In the tourism world, there are strong evidence that tourism is being subject to massive restructuring. So too is transport, retail, accommodation, hospitality, events, and services. The form and function of our cities and regions are changing, as are our travel patterns and mobility. Our values, where we find meaning and purpose are also shifting. Add to this the massive changes triggered by climate change, and the confluence of all these factors suggests large scale disruption to our economic, social and environmental systems. No one, not even a global consulting firm, can get a handle on how this will play out. The price will be paid at a local level, yet local is rarely mentioned in these global reports.
Yet the cognitive dissonance being practised by our politicians and political leaders ensures the current "bounce back" and "business-as-usual” narrative is maintained. These fictions have been important to maintain the position, relevance, and power of current politicians and industry leaders. But now, more than ever, it is essential to raise issues with, and to challenge, this status quo.
So what's the call to action?
The cognitive dissonance practised by others, that dismisses or gaslights the issues that one cares about, can be disempowering. Anxiety, depression and a disconnect from a sense of meaning and purpose can result. Finding a voice or taking action can be a way of feeling more empowered. Connecting with others can also counter the sense of isolation one feels.
1.Take a stance. Be conscious of cognitive dissonance and how new ideas, alternative ways of doing tourism, and new pathways will be treated in "reimagining the visitor economy" processes.
2. Zoom out. We need to zoom out and understand in a clear-eyed way the strengths and weaknesses of the current system. Be fair, honest and genuine even if the knowledge is uncomfortable.
3. Be honest about the current system. We need to stop looking for the solution within the current system and acknowledge that the system needs change. Call out what is not working.
4. Identify our own assumptions and blind spots. We need to take the act of anticipating the future to the next level by identifying the underlying assumptions that shape and inhibit our capacity to imagine the future.
5. Take responsibility. We need to take responsibility and act in bold and courageous ways before it’s too late. Just because the knowledge is uncomfortable or troublesome, doesn't mean you should dismiss it.

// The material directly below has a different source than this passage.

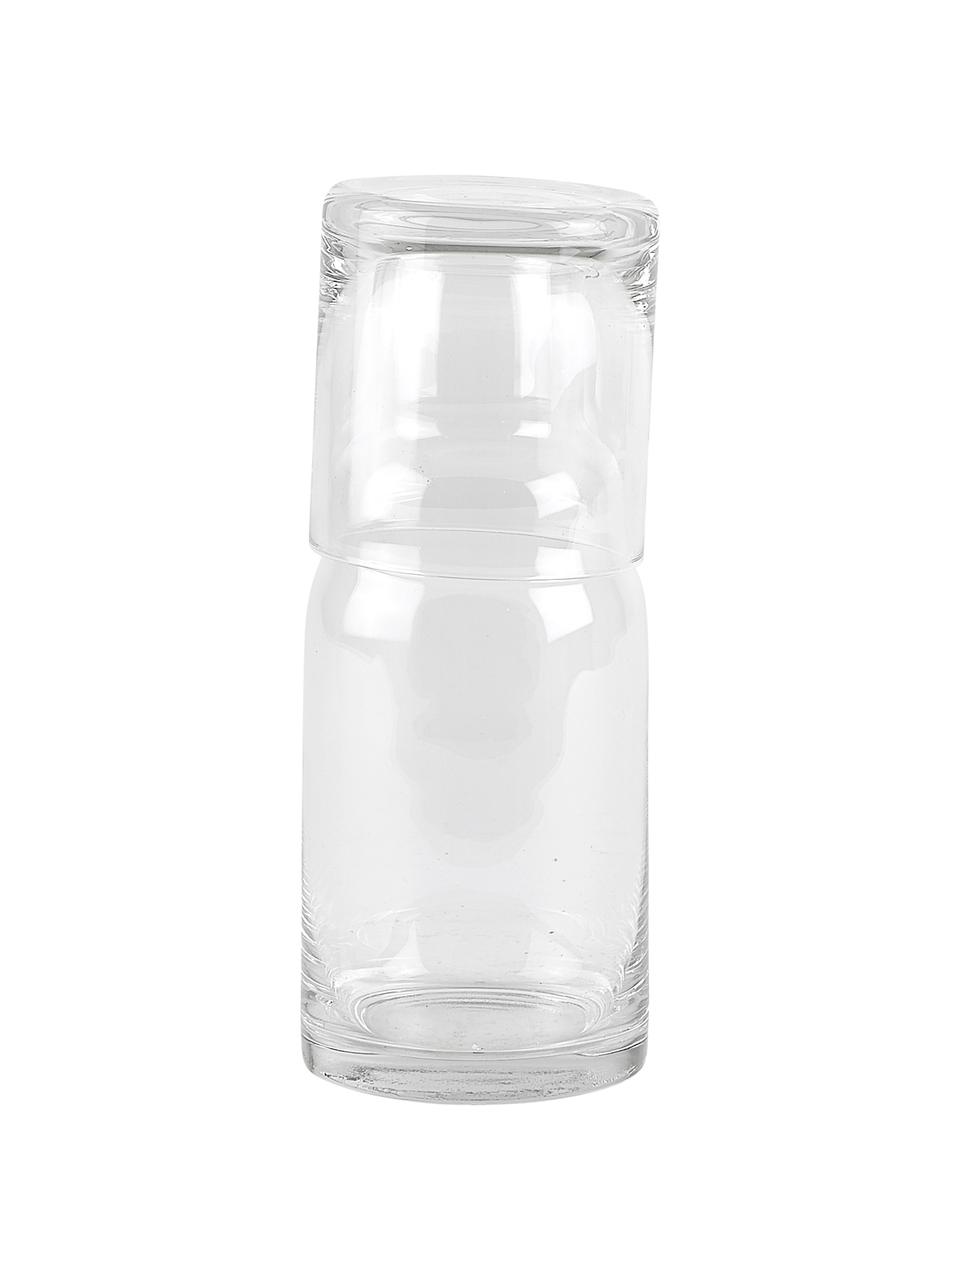 Carafe avec verre Wadi, 800 ml, 2 élém., Verre, Transparent, haut. 21 cm, 800 ml

6. Stop playing the cognitive dissonance game. The game of cognitive dissonance must be reckoned with. When you see a process that is designed to reinforce comfortable outcomes, draw attention to the bias and ask for alternative ideas to be addressed.
Conclusion: Sitting in discomfort, dealing with troublesome knowledge
Our future is being stolen by the bounce back narrative. We should claim it back. We have a system where education, experience, and the capacity to think in innovative ways appear to have declining value. The space for new ideas, the airing alternative futures, is limited. Only those within the established ranks of power and privilege are given a platform to anticipate the future. We need to make and hold the space for alternative ways of thinking about the future.
We need a trans-disciplinary lens, not simply a narrow industrial viewpoint. We need humanistic insights that engage the intuitive (heart) and enteric (gut) brains to balance out the instrumental logic of scientific rationalism (the head brain). We need to recognise the value of sitting in discomfort and grappling with troublesome knowledge.